The importance of first instance tribunals for healthcare professionals
The appellant sought to challenge the decision of the Conduct and Competence Committee of the Nursing and Midwifery Council, which made a finding on 5 August 2015 that the appellant’s fitness to practise was impaired and that she should be removed from the register. The appeal was brought before Judge Roger Kaye QC who gave judgement on 28 April 2016.
In brief, the appellant had been employed by the Priory Group on 14 November 2011. She was suspended on 23 November 2011, after just 10 days into her employment, and subsequently dismissed on 22 December 2011. The charges related to:
- Making an inappropriate diagnosis of Clostridium Difficile and attempting to close the unit on which the relevant resident was being cared for.
- Inaccurately advising that the blood pressure of a resident was low and that the resident was not going to make it, when the blood pressure was in fact strong and regular.
- Allegedly grabbing a resident by the wrists and pulling him out of his chair, despite him being reluctant to move, leaving red marks on his wrists.
- Making inappropriate remarks to an elderly resident suffering with dementia.
- Making inappropriate and confrontational remarks to the Care Home Manager during a probationary review meeting to discuss the allegations which had been made.
In considering the appeal, Judge Kaye QC was sympathetic to the appellant’s 20 year career as a registered nurse. However, he was clear that the appeal court will only intervene in circumstances where the decision of the panel was wrong or unjust or because of some serious procedural or other irregularity in the proceedings.

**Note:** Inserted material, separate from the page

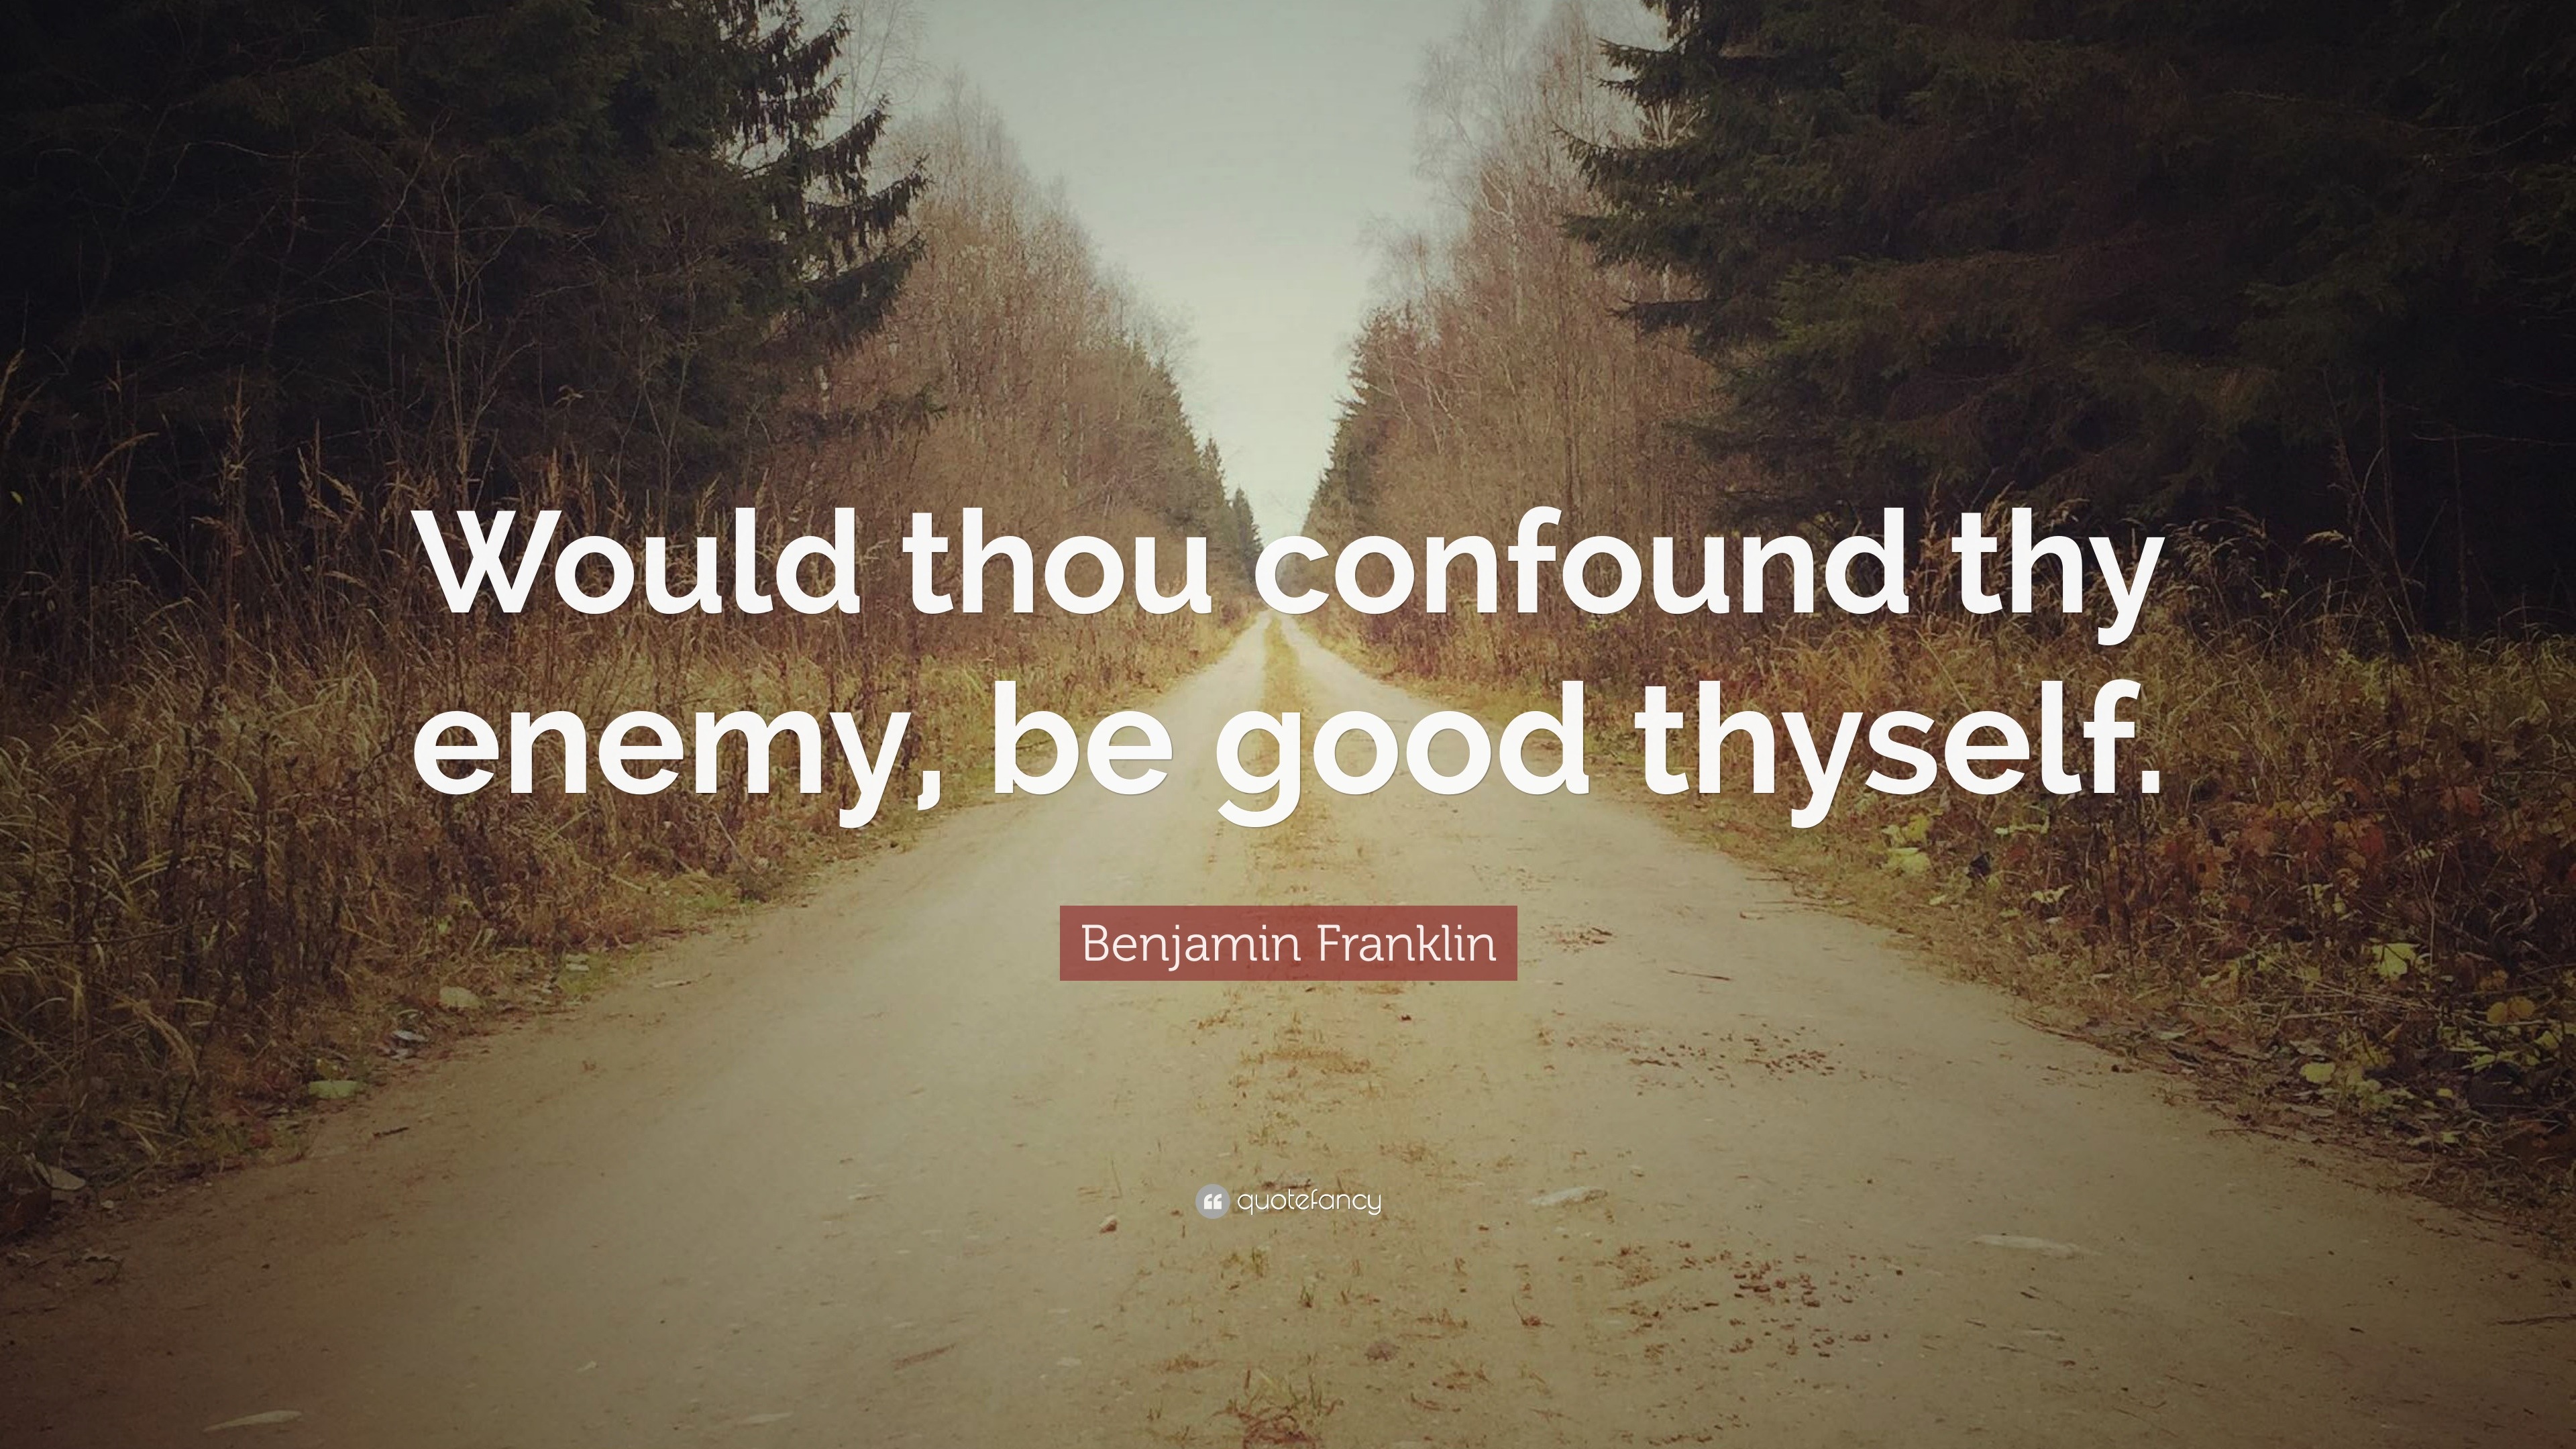 Benjamin Franklin Quote: “Would thou confound thy enemy, be good thyself.”

Judge Kay QC emphasised that in all such cases the first instance body has an advantage to judge the credibility and reliability of evidence given by witnesses. Appeals are conducted on the basis of the transcript of the hearing and that unless exceptional circumstances apply, witnesses are not recalled. Judge Kay QC quoted Levenson LJ in Southall v GMC  EWCA Civ 407:
“First, as a matter of general law, it is very well established that findings of primary fact, particularly if founded upon an assessment of the credibility of witnesses, are virtually unassailable (see Benmax v Austin Motor Co Ltd  AC 370).”

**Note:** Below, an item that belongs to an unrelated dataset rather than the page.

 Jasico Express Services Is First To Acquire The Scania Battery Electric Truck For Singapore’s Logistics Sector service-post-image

In dismissing the appeal Judge Kay QC commented:
“At the end of the day the panel, in my judgement, discharged their duty with care and consideration… They saw and heard a large number of witnesses including the appellant. They plainly preferred the evidence of other witnesses where their evidence contrasted with that of the appellant’s in important areas. Indeed, they were not, it is not unfair to say, overly impressed with the appellant…”
The appellant sought to submit that the evidence was flawed and not sufficiently analysed but this was dismissed as being a matter for the panel. Judge Kaye QC considered that the panel were entitled to reach the conclusion that they did and in doing so dismissed the appeal.
Healthcare professionals must be acutely aware that the courts have shown a consistent reluctance to interfere with the factual findings made at first instance decision-maker such as the Conduct and Competence Committee in this case. The courts show great deference to the views formed by first instance tribunals where those tribunals have had the benefit of seeing and hearing witness evidence and forming a view in relation to witness credibility. This case serves to illustrate the importance of the first instance hearing and the constraints of the appeal process.